Adenylate cyclases in two populations of membranes purified from neuroblastoma X glioma hybrid (NG 108-15) cells.

Membranes from neuroblastoma X glioma NG108-15 hybrid cells were purified by equilibrium centrifugation on continuous and discontinuous gradients of sorbitol, using homogenates of cells which were pretreated with concanavalin A to increase membrane density. Adenylate cyclase was purified 24-fold in a heavy (H) membrane fraction from discontinuous gradients, opiate-stimulated guanosine-5'-triphosphatase was purified 3-fold, and opiate binding to receptors was increased 10-fold in this fraction.
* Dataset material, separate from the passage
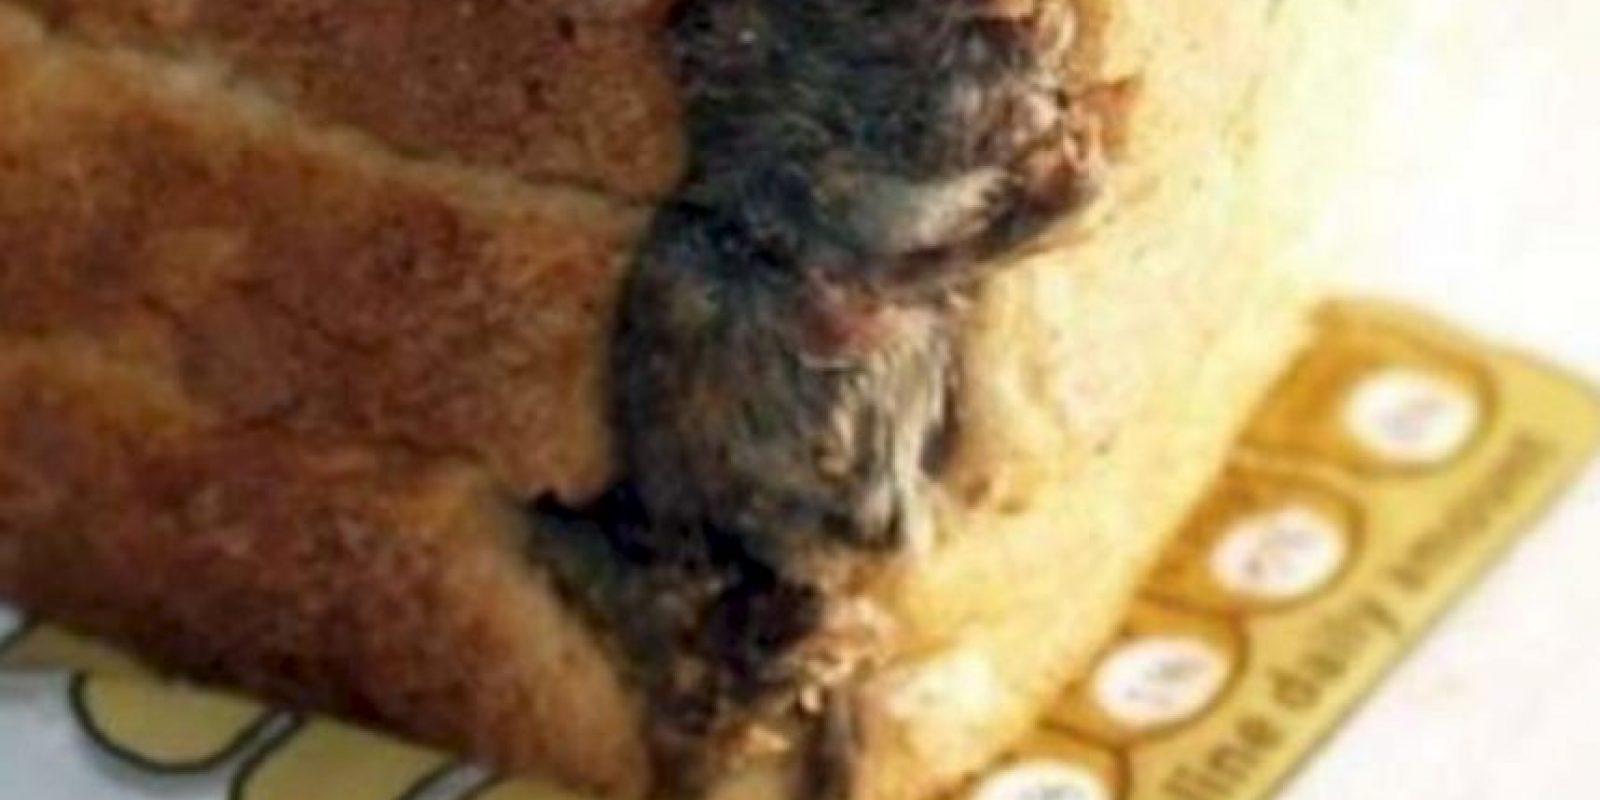 Rata empanizada. Foto:vía EpicFail
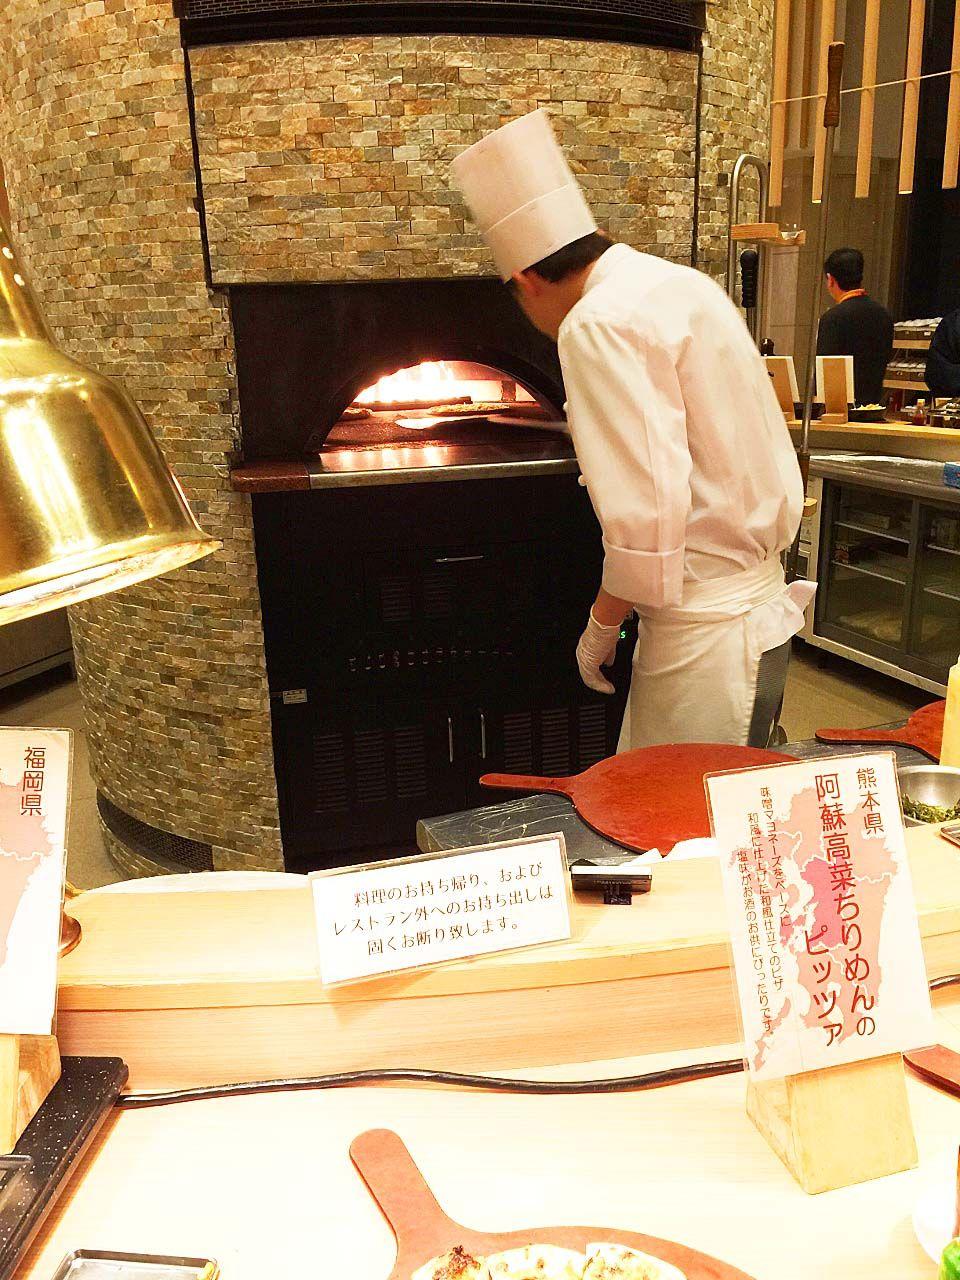 巨大石釜で焼き上げるモチモチのピザは絶品!

The relative purification of this membrane fraction is also verified by the fact that it contains a single protein (Mr = 58,000) which is covalently labeled by a reactive opiate analog (Klee, W. A., Simonds, W. F., Sweat, F. W., Burke, T. R., Jacobson, A. E., and Rice, K. C. (1982) FEBS Lett. 150, 125). The method of plasma membrane purification after cell treatment with concanavalin A (Lutton, J. K., Frederich, R. C. Jr., and Perkins, J. P. (1979) J. Biol. Chem. 254, 11181) appears generally applicable as established here with 3H-concanavalin A. Between 15 and 20% of the adenylate cyclase in whole-cell homogenates was recovered at low densities in continuous and discontinuous gradients and was only purified 2-fold above activity in the cell homogenate. There are significant differences between ligand binding, adenylate cyclase, and GTPase activities in light (L) and heavy (H) membrane fractions. GTPase activity in the L-membrane fraction was decreased from that in the cell homogenate and was not stimulated by opiates. Adenylate cyclase from L-membranes is only slightly inhibited by opiates in support of other data relating opiate inhibition to stimulation of GTPase (Koski, G., and Klee, W. A. (1981) Proc. Natl. Acad. Sci. 78, 4185).